Exercise aim → Using the data below, return word for word every line from the one holding "2024 Chevy Silverado" down to the one holding "Aflac Incorporated veröffentlicht". Leave pictures out.

Material for this task →
★ ★ ★ ★ ★

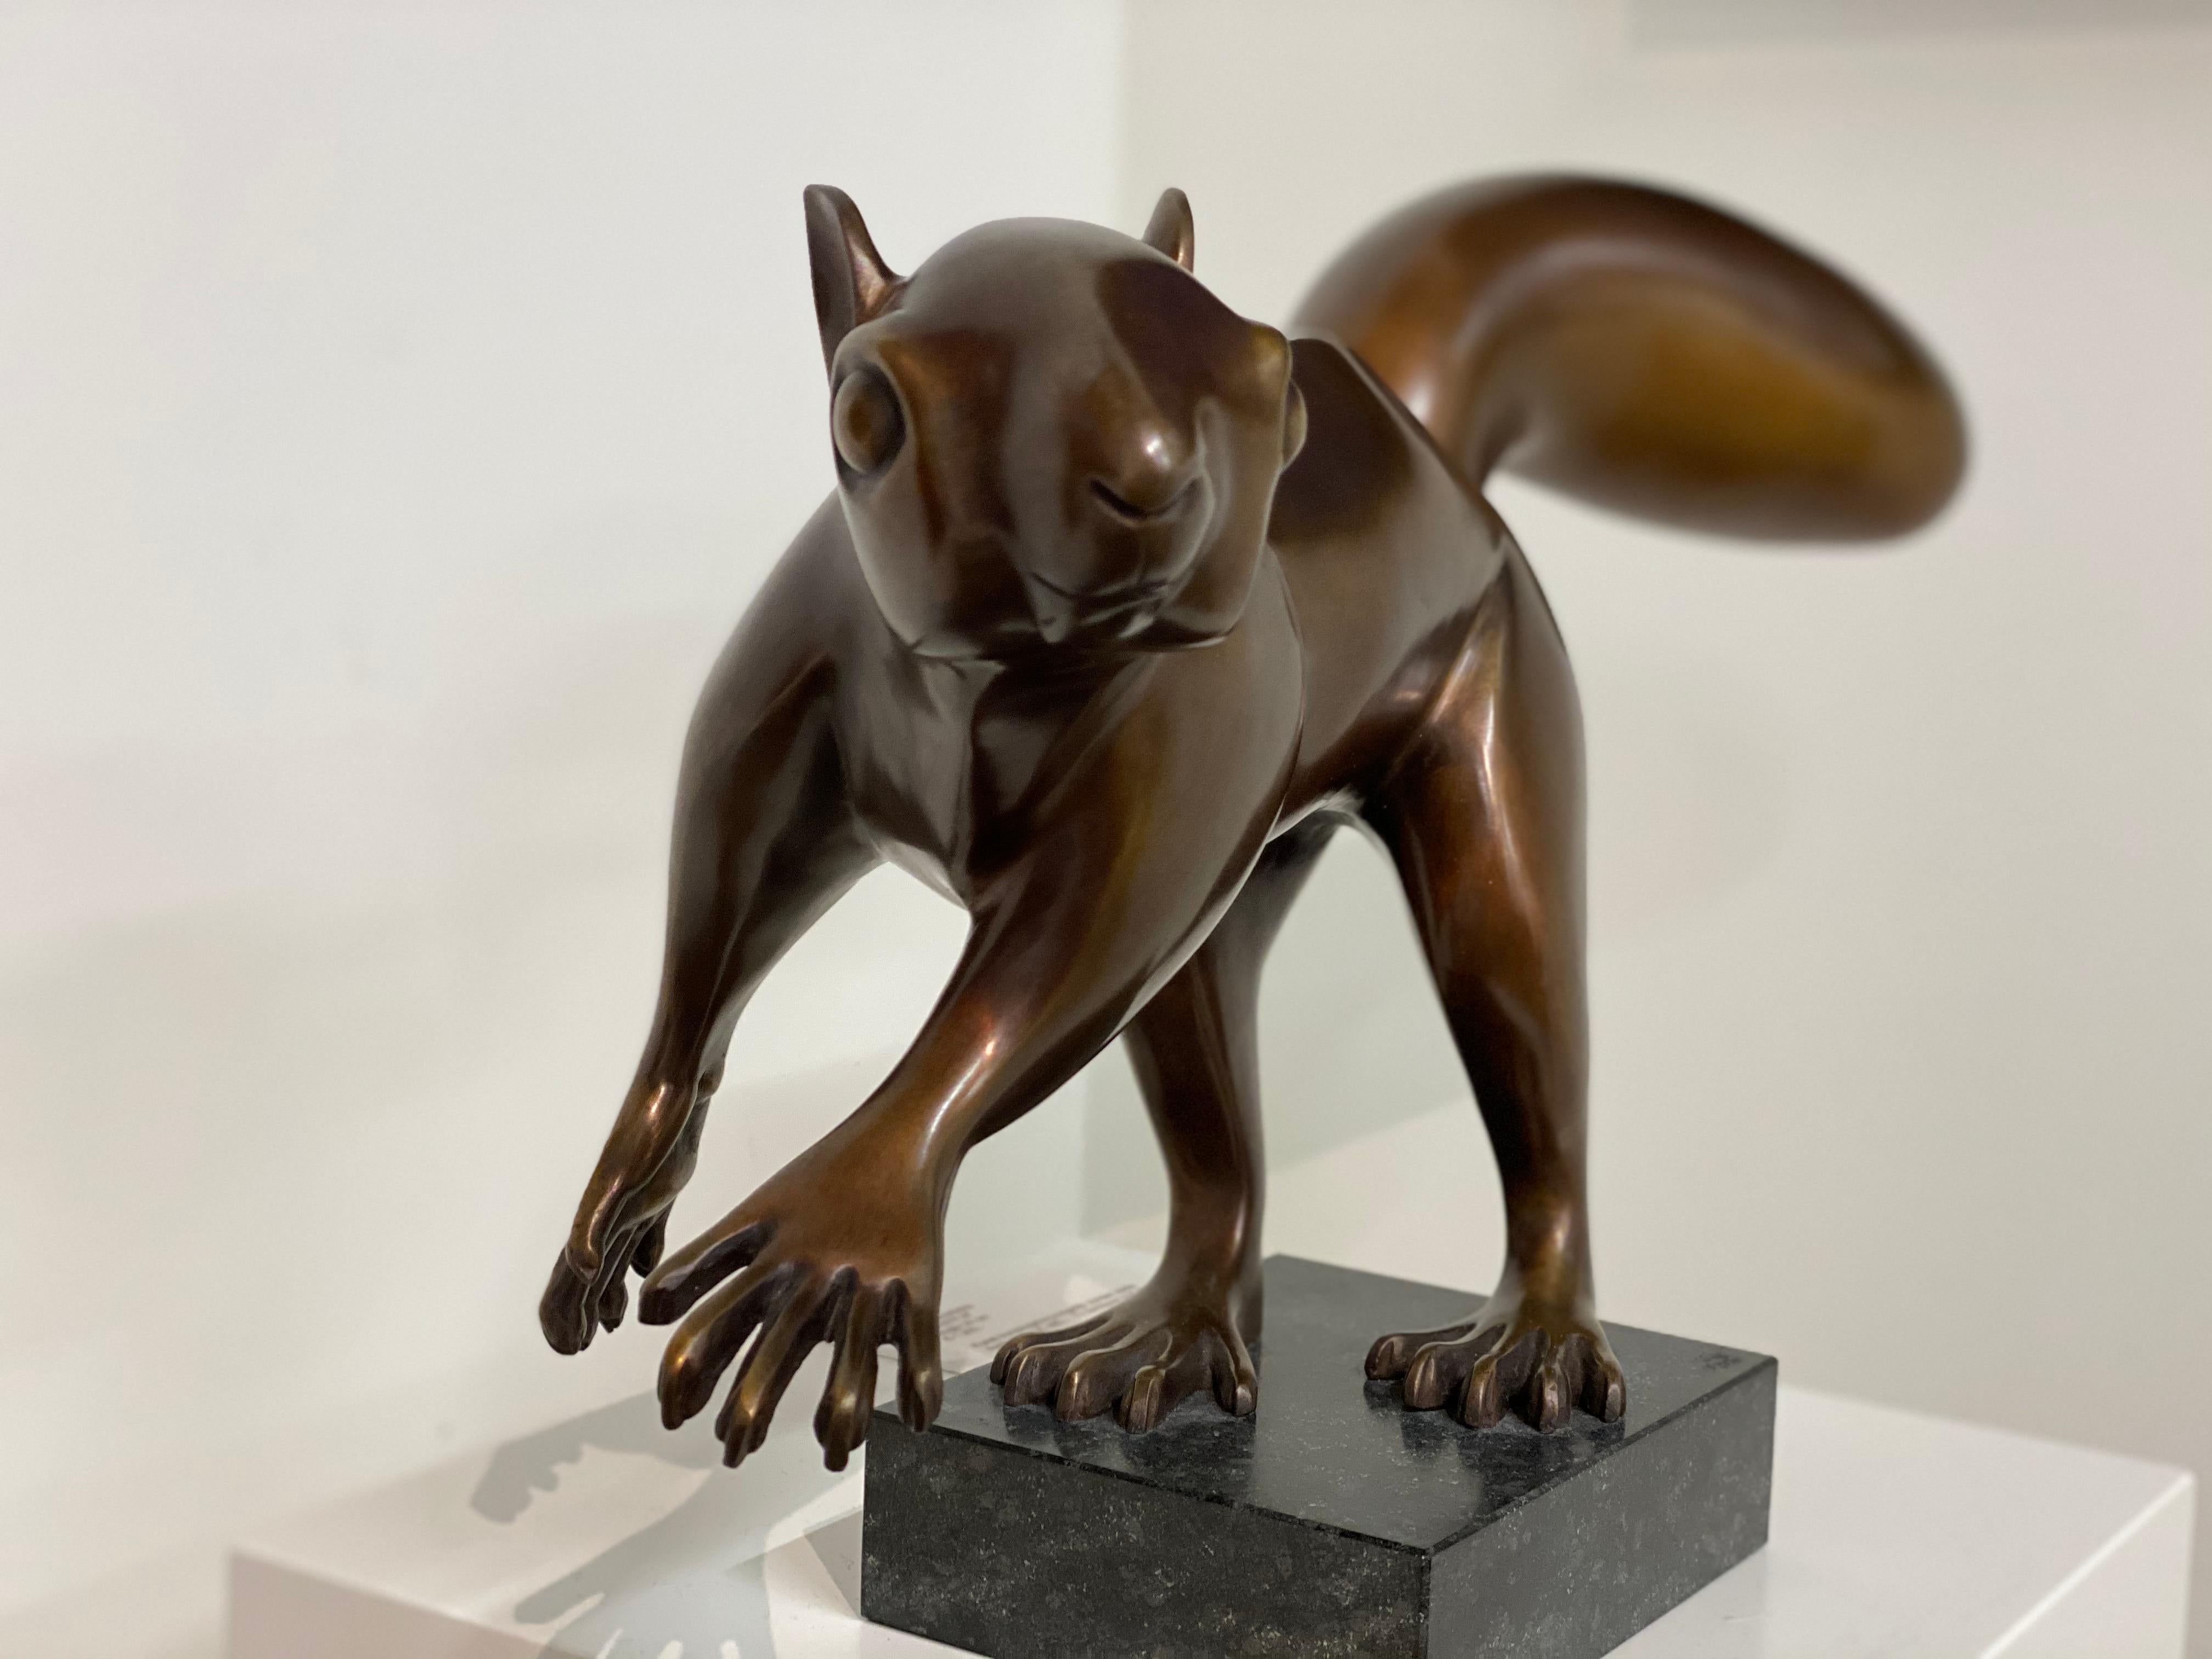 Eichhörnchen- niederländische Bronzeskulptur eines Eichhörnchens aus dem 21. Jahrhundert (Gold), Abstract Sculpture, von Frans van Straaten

★ ★ ★ ★ ★

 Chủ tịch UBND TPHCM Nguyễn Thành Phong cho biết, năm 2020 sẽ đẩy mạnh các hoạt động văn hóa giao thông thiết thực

★ ★ ★ ★ ★

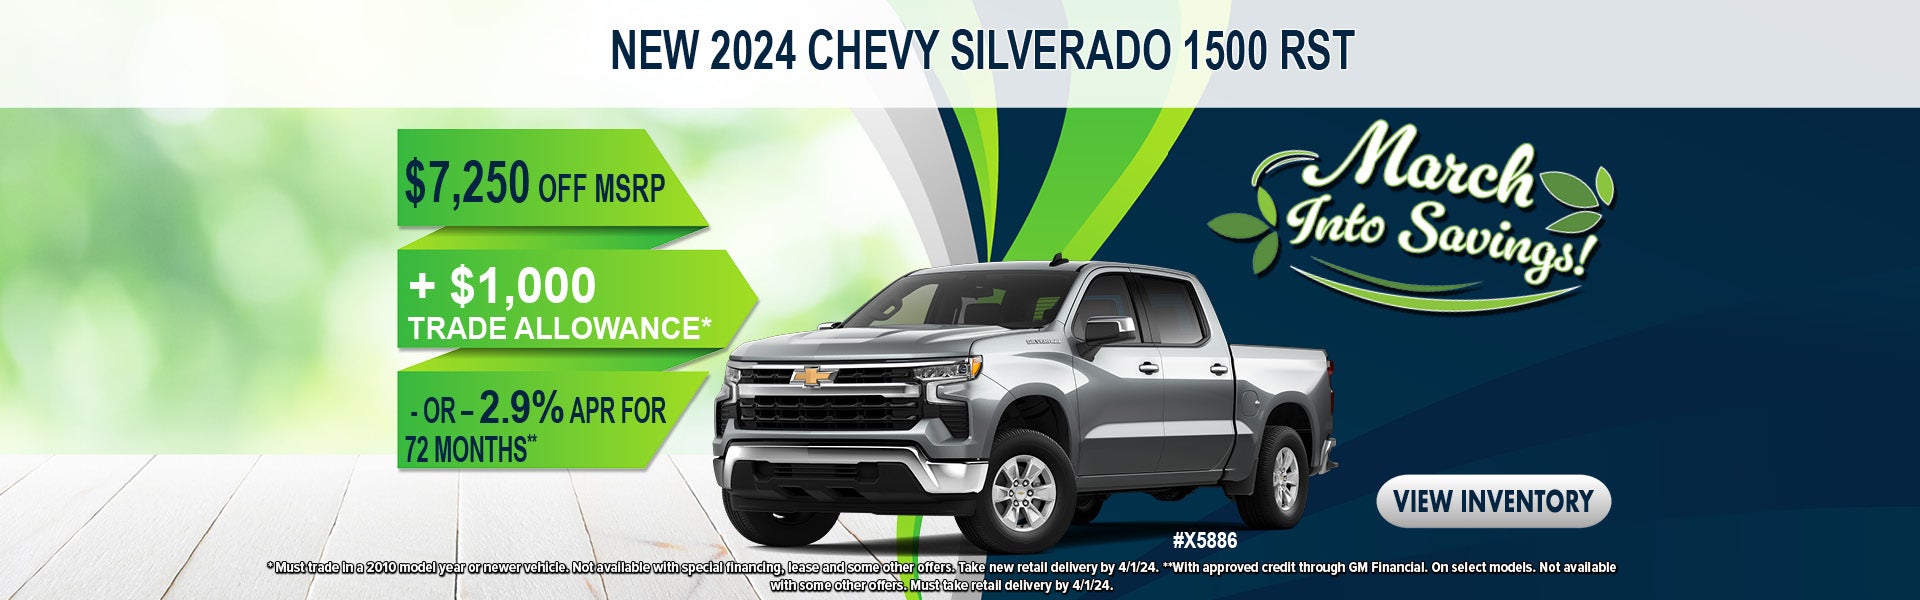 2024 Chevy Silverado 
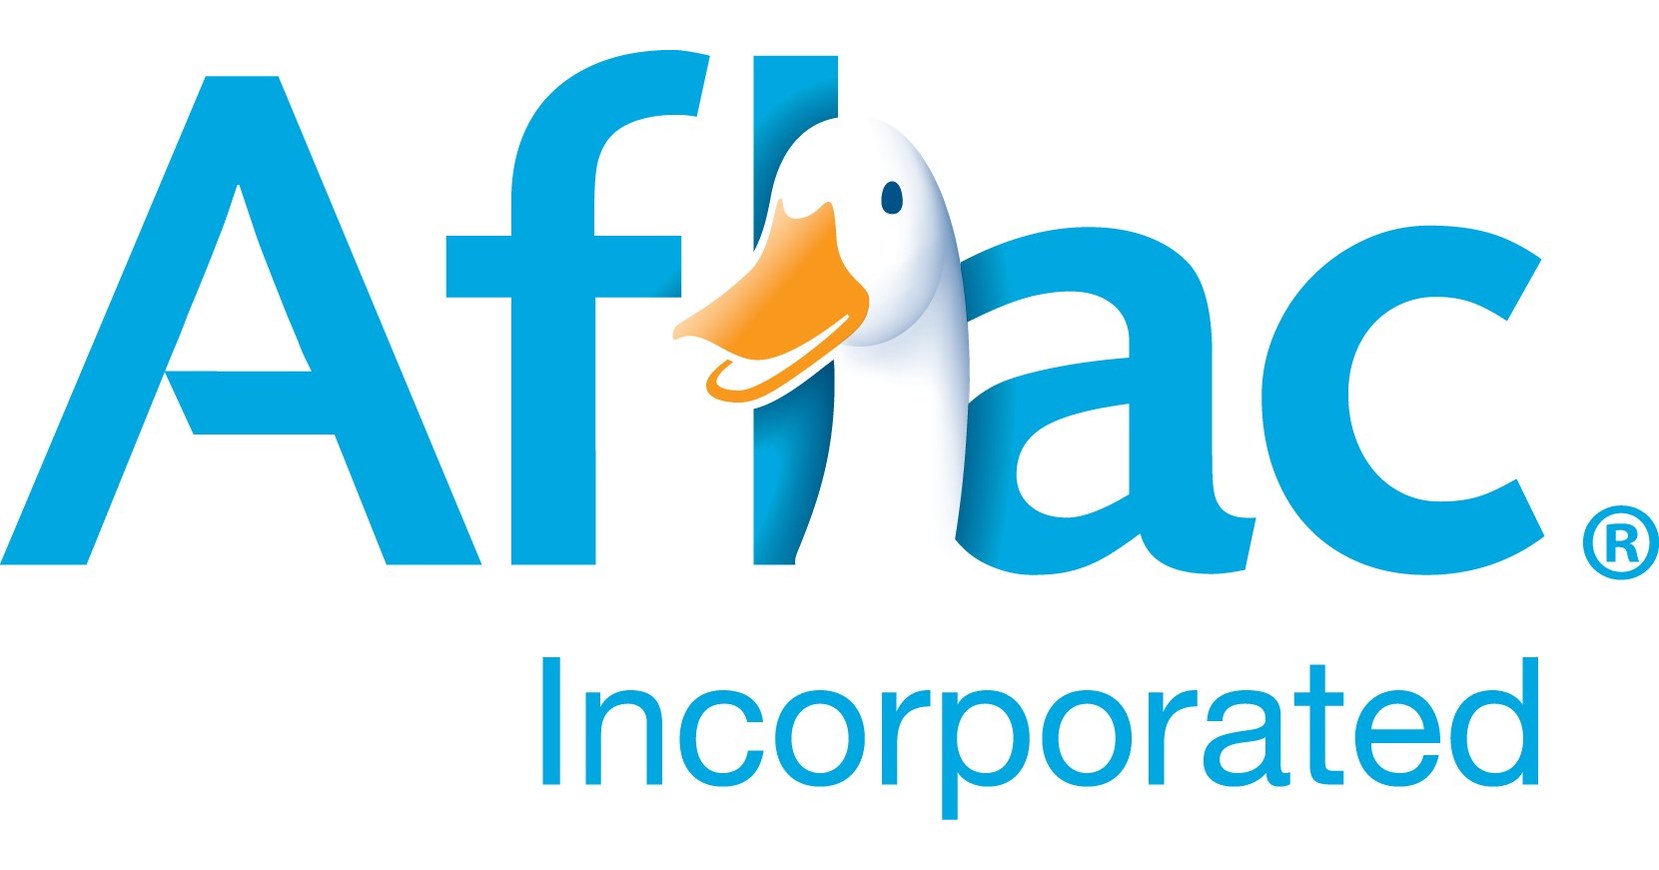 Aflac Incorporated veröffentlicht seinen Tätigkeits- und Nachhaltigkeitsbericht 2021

★ ★ ★ ★ ★

Answer for this exercise →
 2024 Chevy Silverado 
 Aflac Incorporated veröffentlicht seinen Tätigkeits- und Nachhaltigkeitsbericht 2021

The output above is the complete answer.